I'm using GT and CT references because those are what I'm most comfortable with, but I can already see there's going to be a boatload of house rules involved.

No FTL comms.

Standard CT TL will range from 10-15, with a solid average of 12-13.

All standard weapons will be available at the appropriate TL, and the maximum number of weapons will be based off GT:IW surface area.

Power references are in GT MW.

GT doesn't use PP fuel, so that may be one thing I have to reinstate for GT.

I haven't settled on cost comparisons yet; that may be one of the things I use to balance things out down the road.

Jump drive - (Jump Rating +1) per 100 tons of ship. Uses 10% of ship volume per jump rating for fuel. 20 MW power per ton of drive. 1 week in jump regardless of distance, max range 8 parsecs, 100 diameter limits.

Hyper Drive - 2 x (Drive Rating+1) per 100 tons of ship (i.e. twice as heavy as a jump drive).
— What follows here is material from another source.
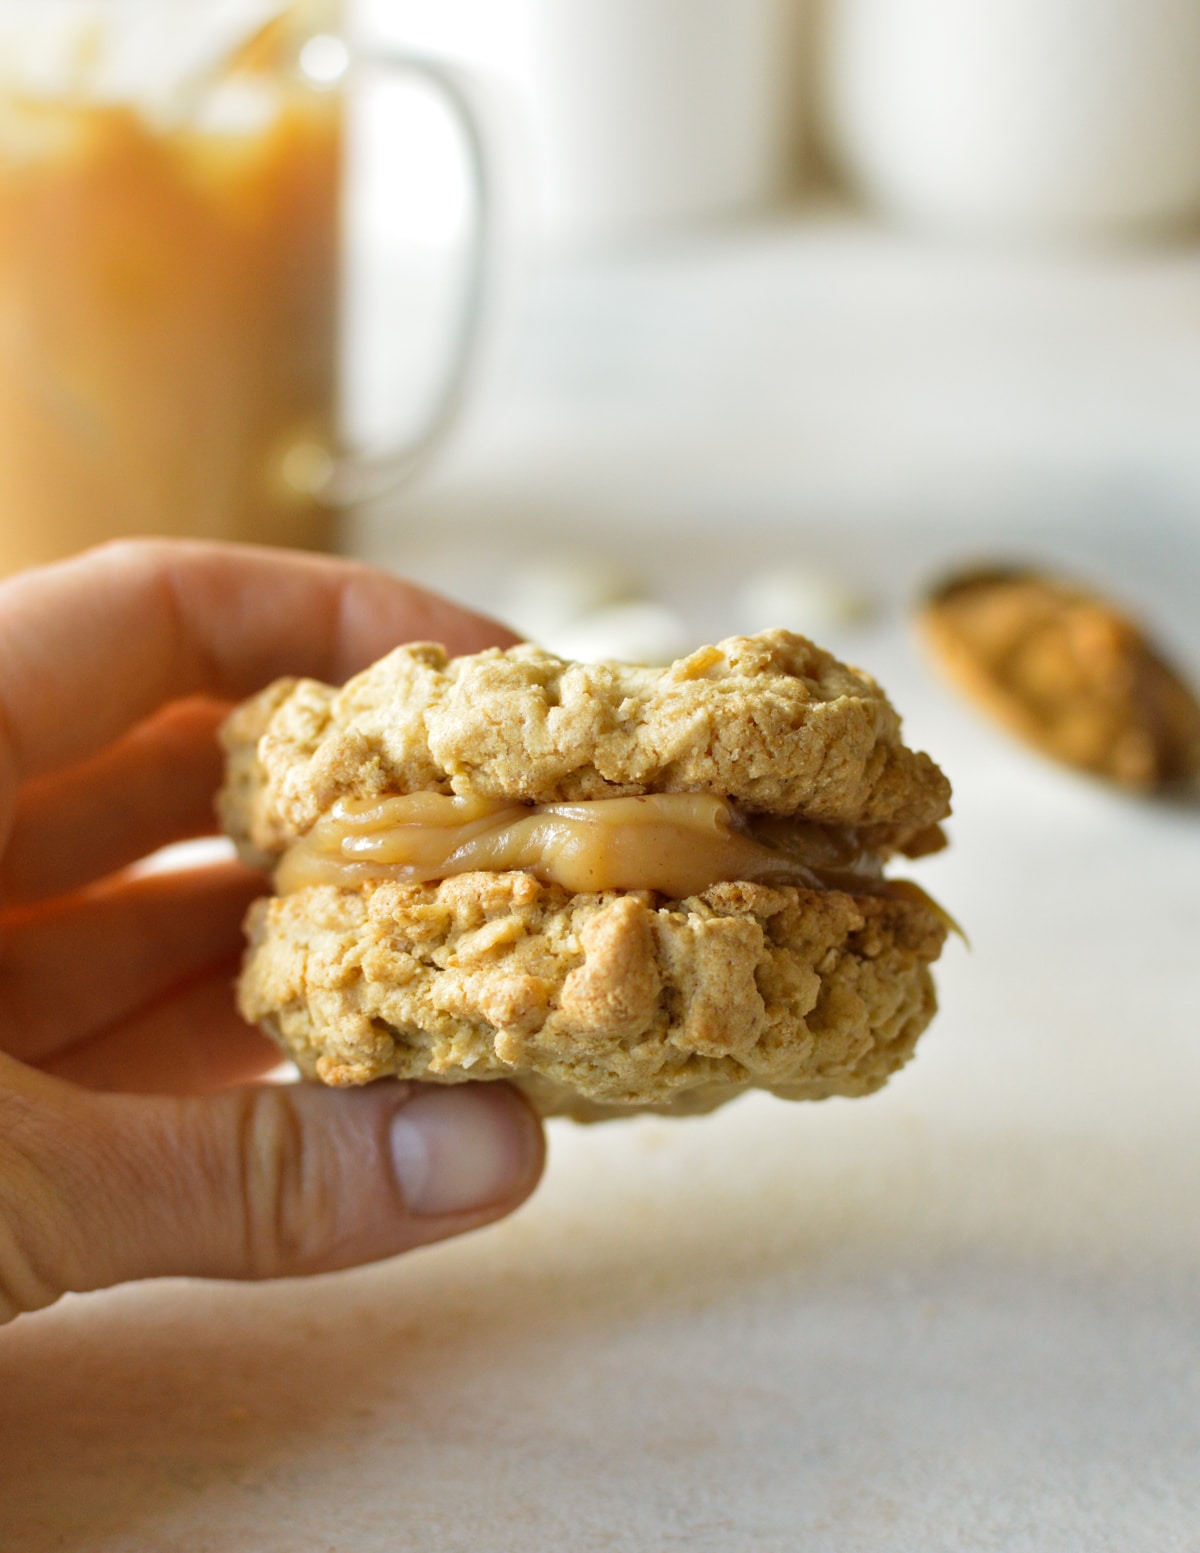 an oatmeal cookie filled with peanut butter ganache.
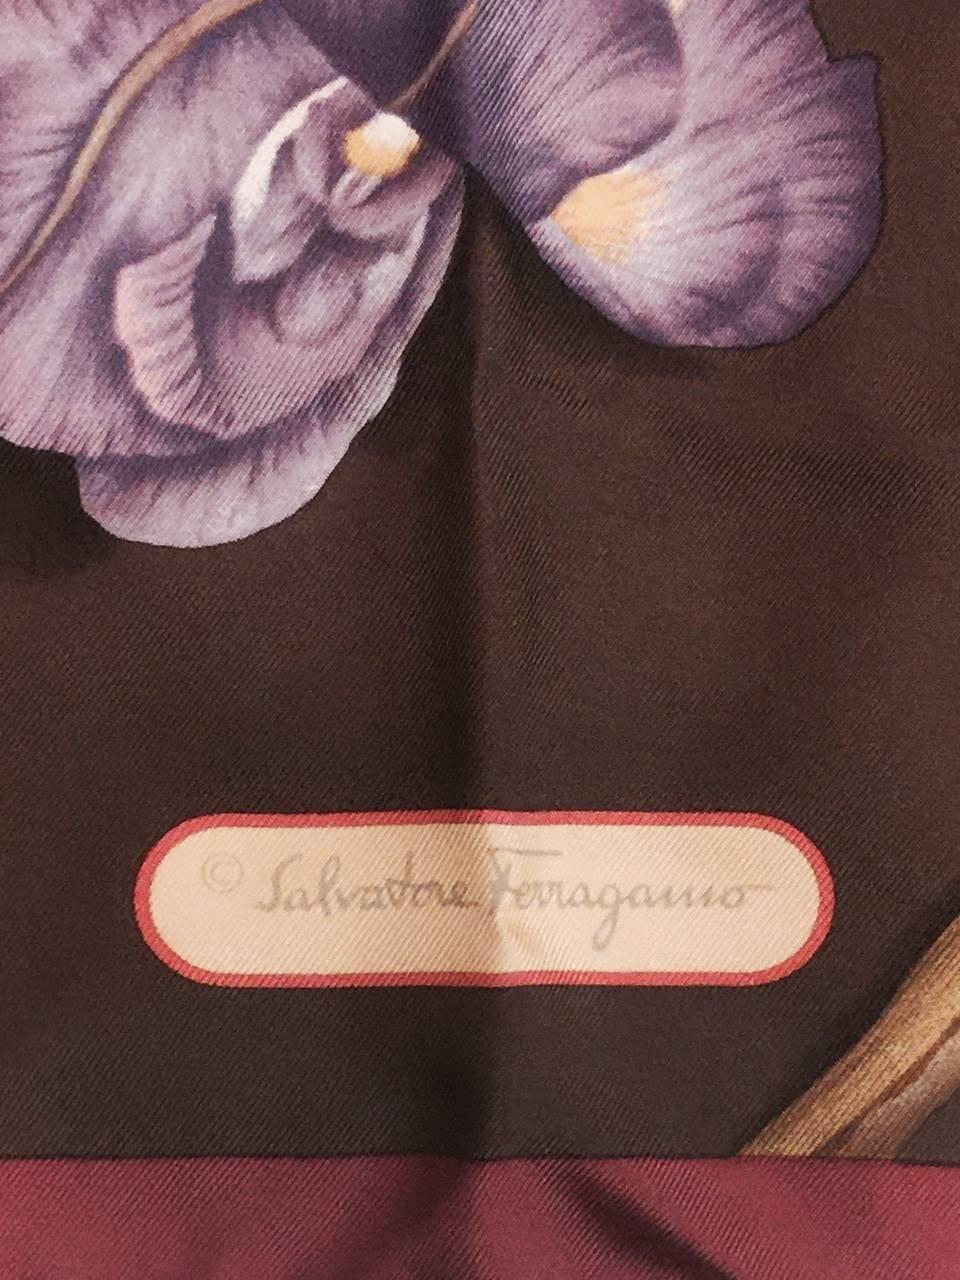 Salvatore Ferragamo Chocolate Silk Scarf is a must for any woman of substance!  Features ultra-luxurious fabric,  burgundy border, and an exotic display of calla lilies and various iris shades.  Truly elegant finish to any ensemble.  Excellent

No additional fuel required beyond power plant fuel. 20 MW power per ton of drive. 1 parsec per week per Drive Rating, max range 5 parsecs. Entry and exit can only occur at Lagrange points, and these points are permanently connected.

Warp Drive - (Drive Rating +1) per 100 tons of ship. Requires double standard power plant fuel. 35 MW per ton of drive. Maximum range 3 parsecs. 1 parsec per week per Drive Rating. Must discharge in gravity well, drive NOT efficient enough for combat within a system, so must use standard maneuver drives.

Worm Drive - 5 tons per 100 tons of ship. Requires flat 20% of ship volume as fuel per worm jump. 15 MW per ton of drive. Maximum range is theoretically unlimited using natural wormholes, and travel time is instantaneous. Ship-mounted worm drives can only use naturally occurring wormholes, which usually have fixed endpoints.

Worm Gate - Artificial wormhole gates can be constructed. The gate itself takes up 50% of the tonnage of the largest ship that can use it. Requires fuel equal to 20% of the volume of a ship sent through it. 60 MW per gate ton. Artificial gates can have variable endpoints (i.e. one gate can specifically 'dial' another gate at will) so effectively one gate can connect to all others, but can't connect to a natural wormhole.


BTW, thanks to RainOfSteel for the book tip. It's pretty good stuff, although a bit more trans-human than I contemplated for this setting. Definitely worth a read.
 
GT doesn't use PP fuel, so that may be one thing I have to reinstate for GT.
CT power plant fuel consumption is one of the major blots on CT ship construction. It's mind-bogglingly inefficient. Suspension-of-disbelief-snappingly inefficient. GT ship construction had some boo-boos of its own, but implausible fusion power plants wasn't one of them. (All IMO).


Hans
 
That's one of the reasons I'm running with GT - thrust higher than 6-G, power plant fuel, computer size, and sensor rules are the others. Plus I've been playing GURPS forever.
 
What I did was for simplicity sake.
Fuel limits the range of you ship. You can find my forumals in the Library Files, "The Coti Build".